“Lichaamsbouw speelt een grote rol of je al dan niet goed tegen de warmte kan”, zegt Hein Daanen, professor in environmental exercise physiology aan de Vrije Universiteit Amsterdam tegen HLN. “In het algemeen hebben lange en magere mensen een relatief groot uitwisselingsoppervlak om warmte kwijt te raken ten opzichte van mensen die obees zijn. Wat je ook ziet, is dat sommige mensen makkelijker zweten dan anderen. Wie moeite heeft om zweet te produceren, kan daardoor minder afkoelen en dat maakt dat hij of zij meer gevoelig is voor warmte. Deels is dat genetisch bepaald.”

“Mannen kunnen meestal meer zweet produceren en verdampen dan vrouwen”, zegt hij. “Vrouwen hebben dan weer een iets warmere huid om hun lichaamswarmte kwijt te geraken, maar vrouwen hebben doorgaans meer moeite met hitte dan mannen.

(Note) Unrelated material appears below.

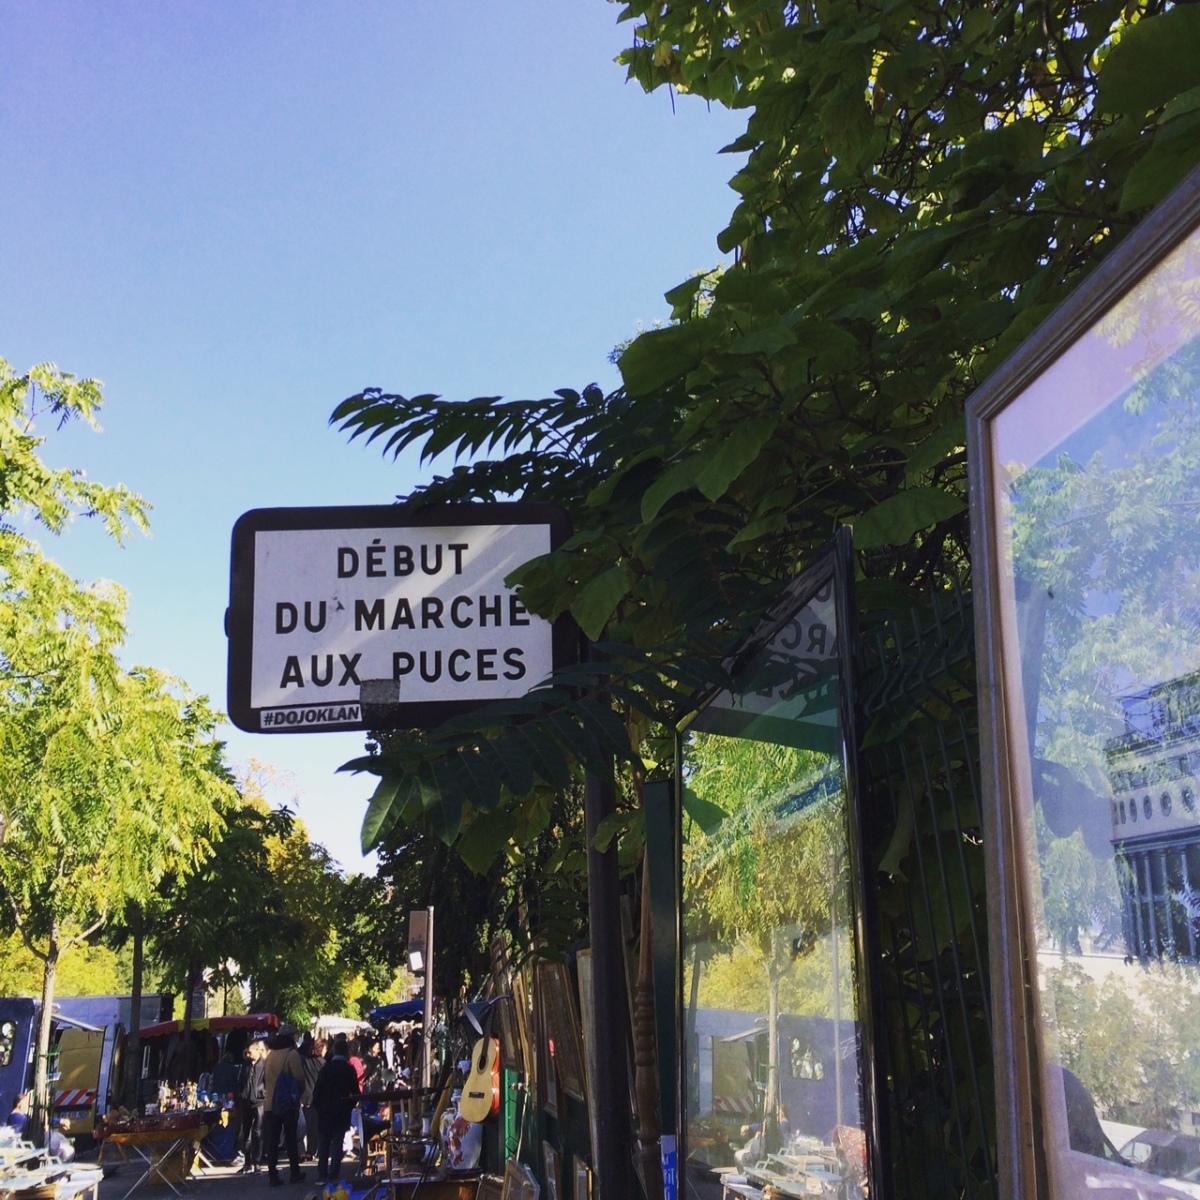 March aux puces flea market de la porte de vanves - Marche aux puces de la porte de vanves ...

We zien dat terug in de sterfstatistieken. Bij extreme hitte sterven relatief meer vrouwen dan mannen.”

“Elke liter zweet die in een uur verdampt, geeft 650 Watt aan koeling”, zegt Daanen. “Het wereldrecord staat op 3,07 liter per uur en staat op naam van marathonloper Alberto Salazar. Dat is toen geregistreerd in een laboratorium waar we alle soorten klimaten zoals een jungleklimaat of een woestijnklimaat kunnen simuleren. Het zwakke punt is dat een mens niet in staat is om dat aan te vullen, want dat is gelimiteerd tot 1 liter per uur. Als je zware inspanningen levert, dan droog je altijd uit.”